SOURCE MATERIAL

+ + + + +

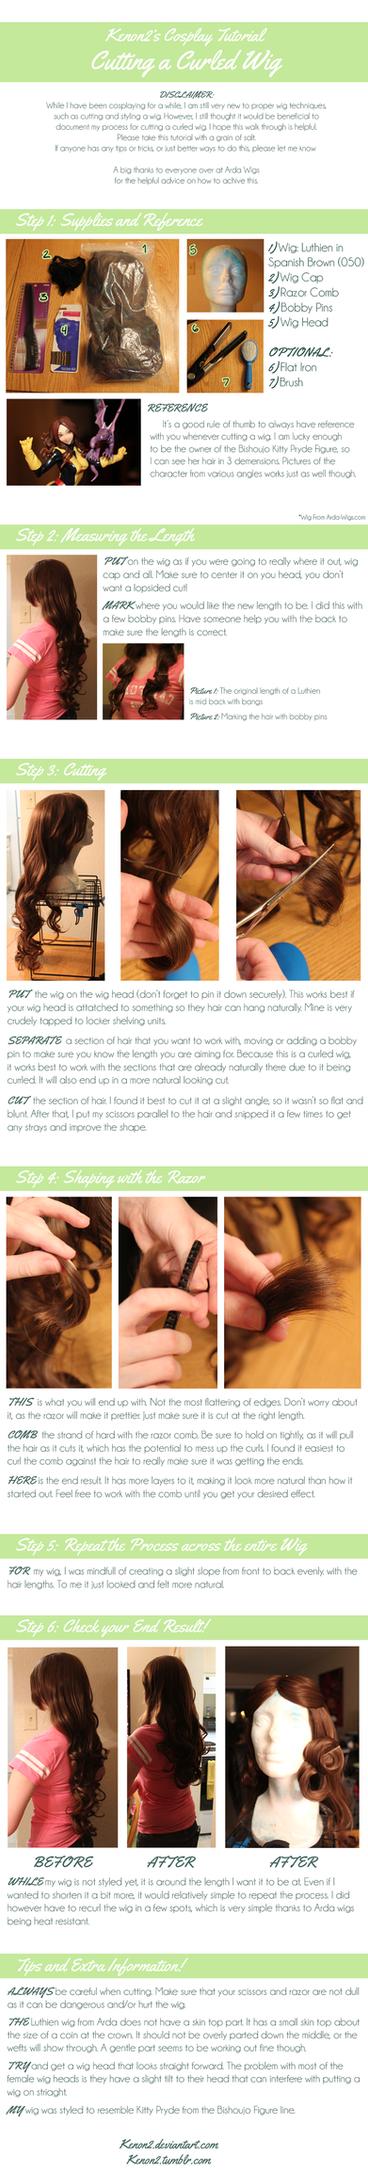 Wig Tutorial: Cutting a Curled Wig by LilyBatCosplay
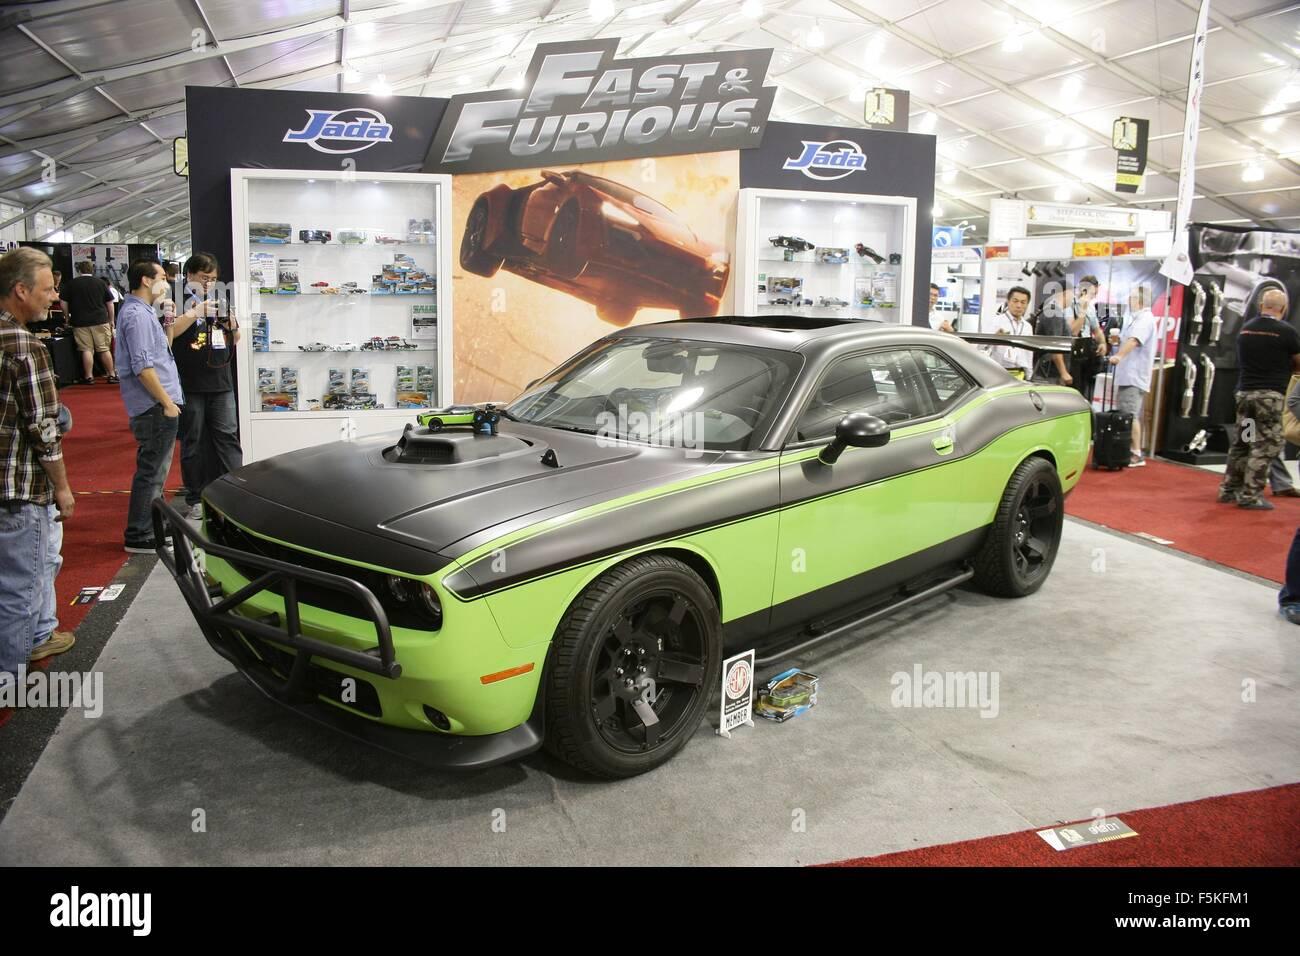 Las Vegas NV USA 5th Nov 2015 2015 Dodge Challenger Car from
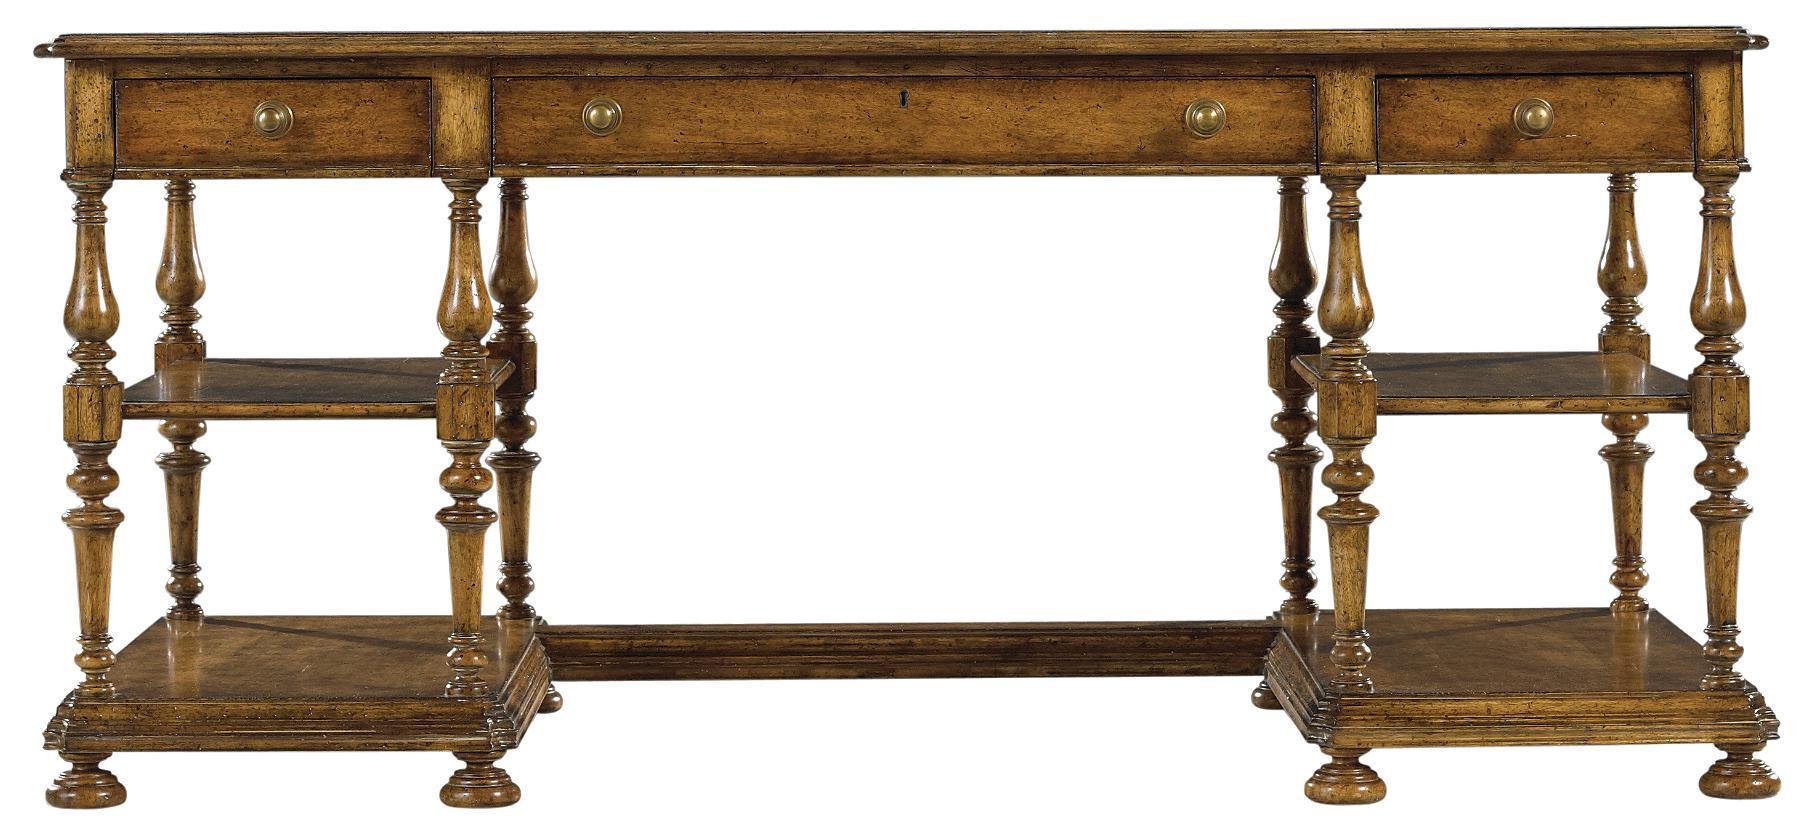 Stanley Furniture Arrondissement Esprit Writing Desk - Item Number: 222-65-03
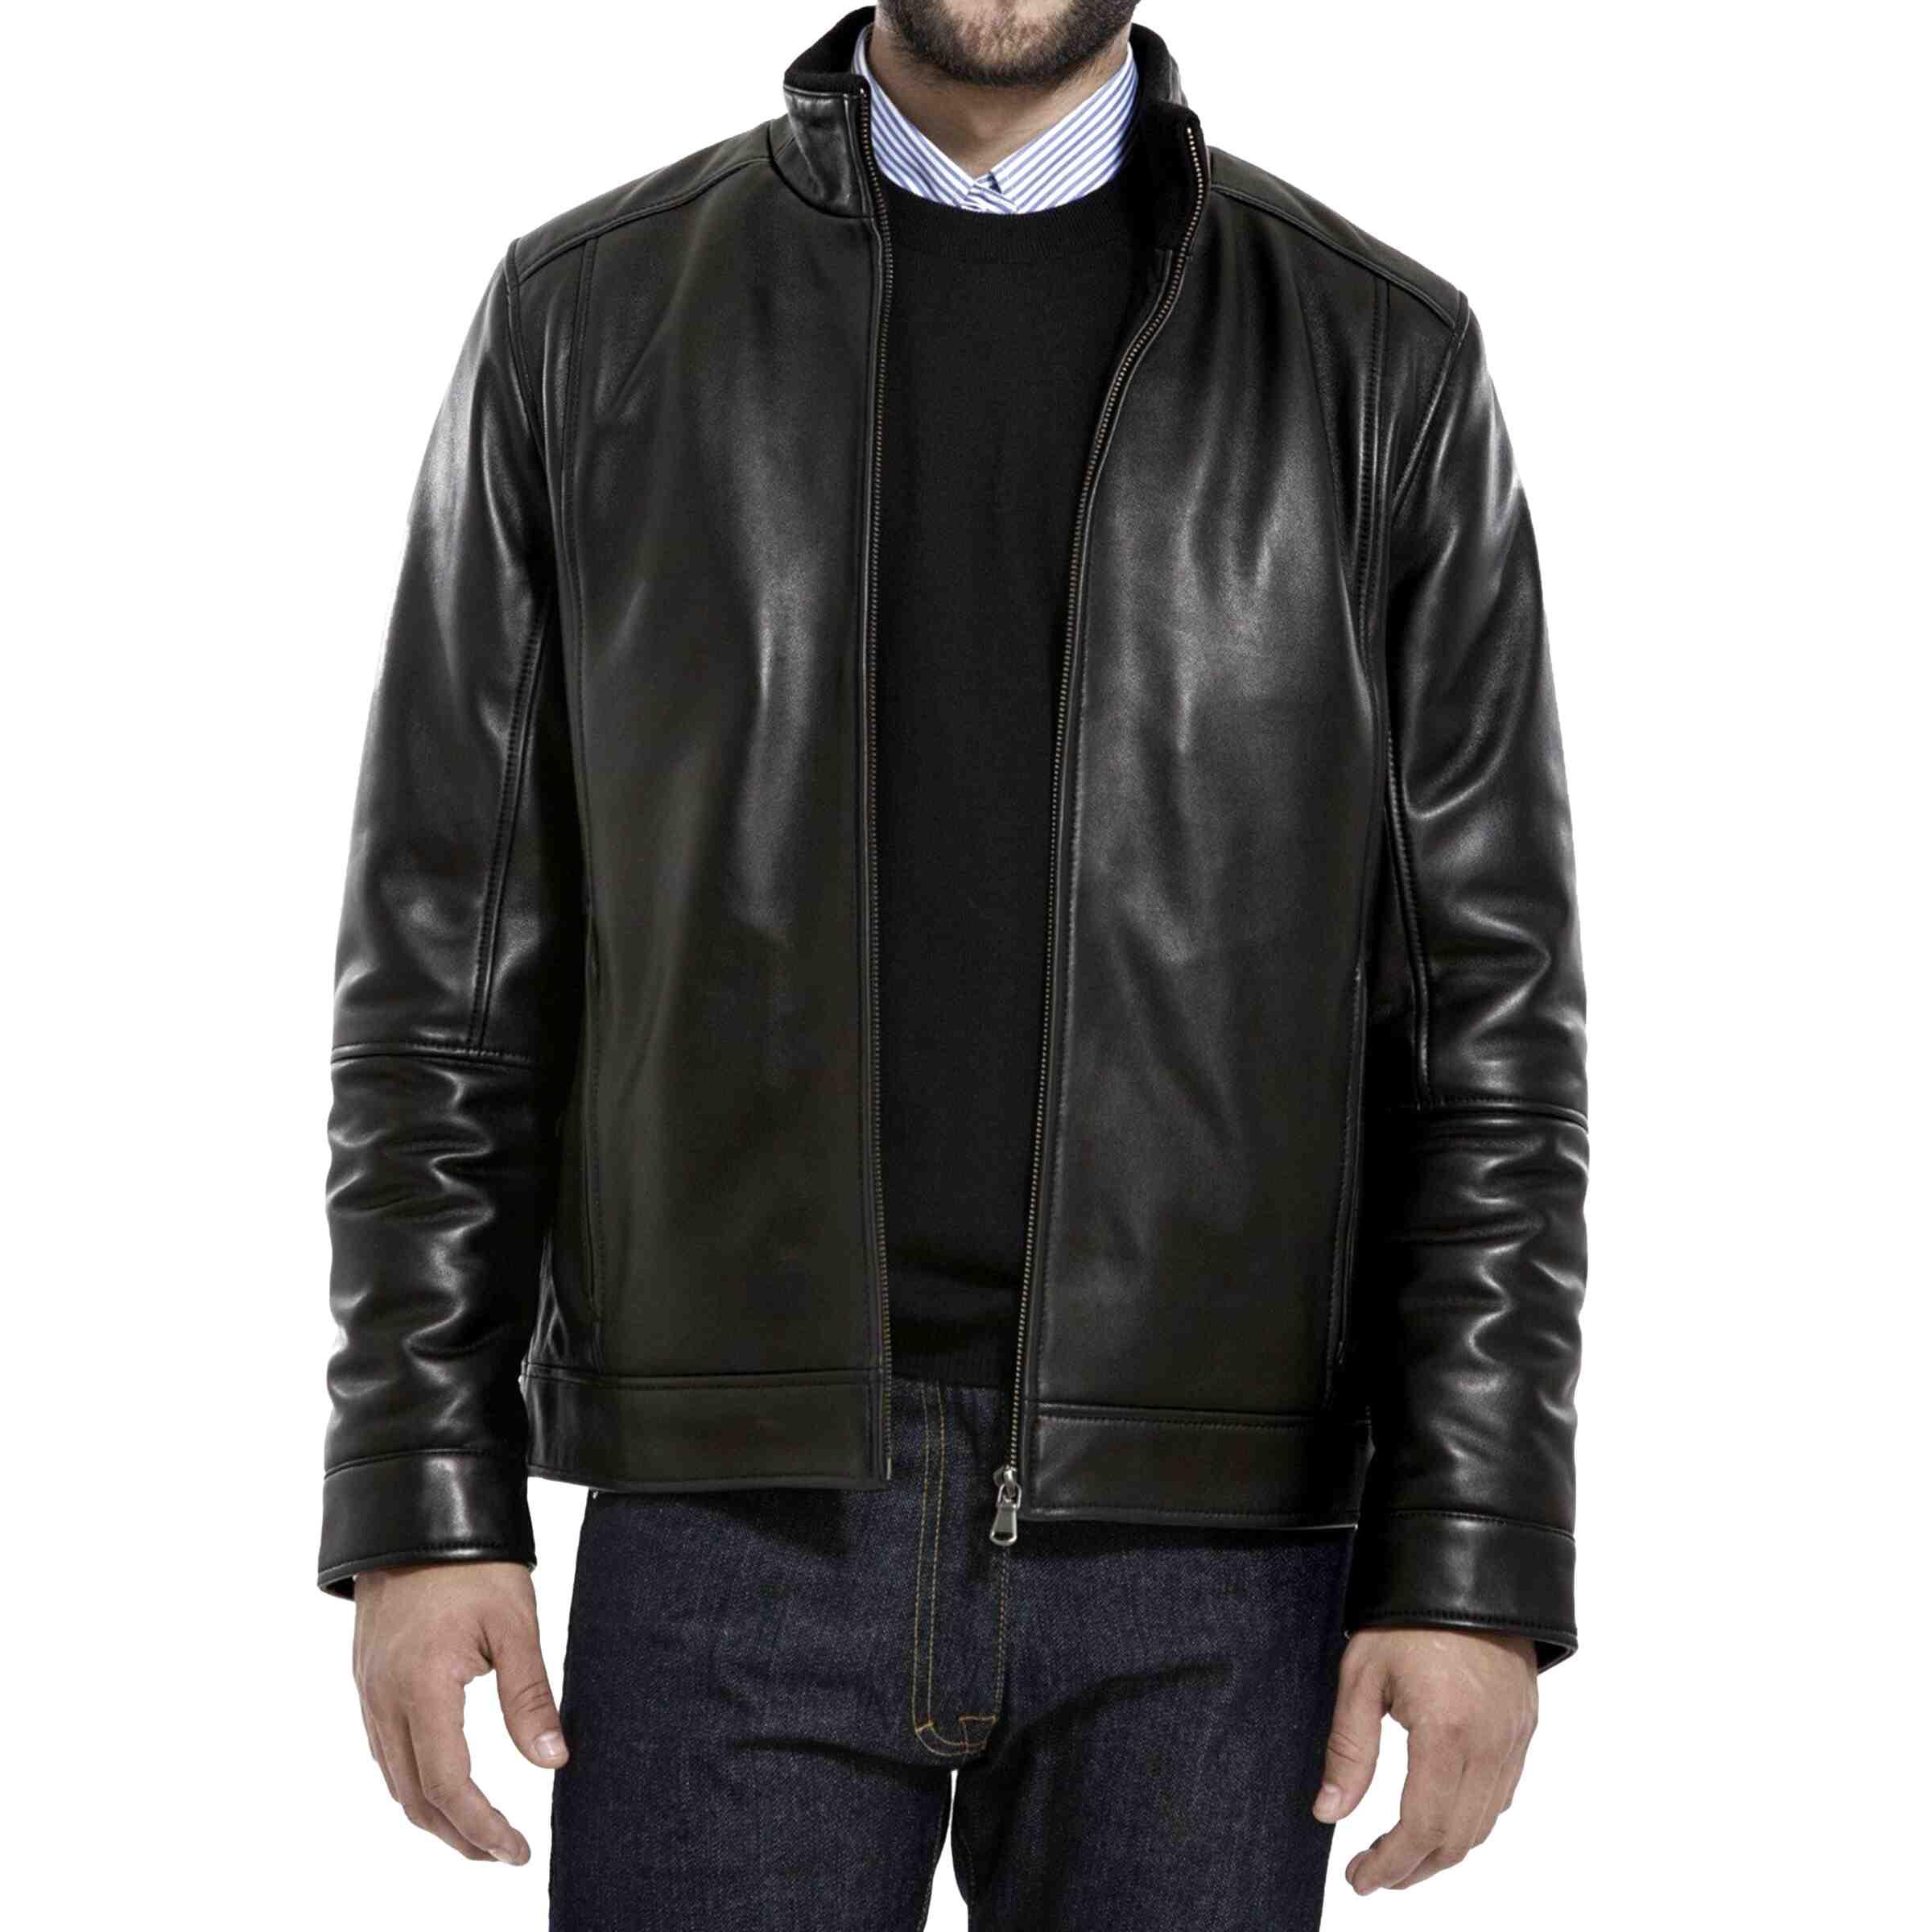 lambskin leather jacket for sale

+ + + + +

PROBLEM DETAILS
I would like you to set down the lines above, from the one containing "Las Vegas NV" to the final line, exactly as written and without pictures.

YOUR RESPONSE
 Las Vegas NV USA 5th Nov 2015 2015 Dodge Challenger Car from
 Stanley Furniture Arrondissement Esprit Writing Desk - Item Number: 222-65-03
 lambskin leather jacket for sale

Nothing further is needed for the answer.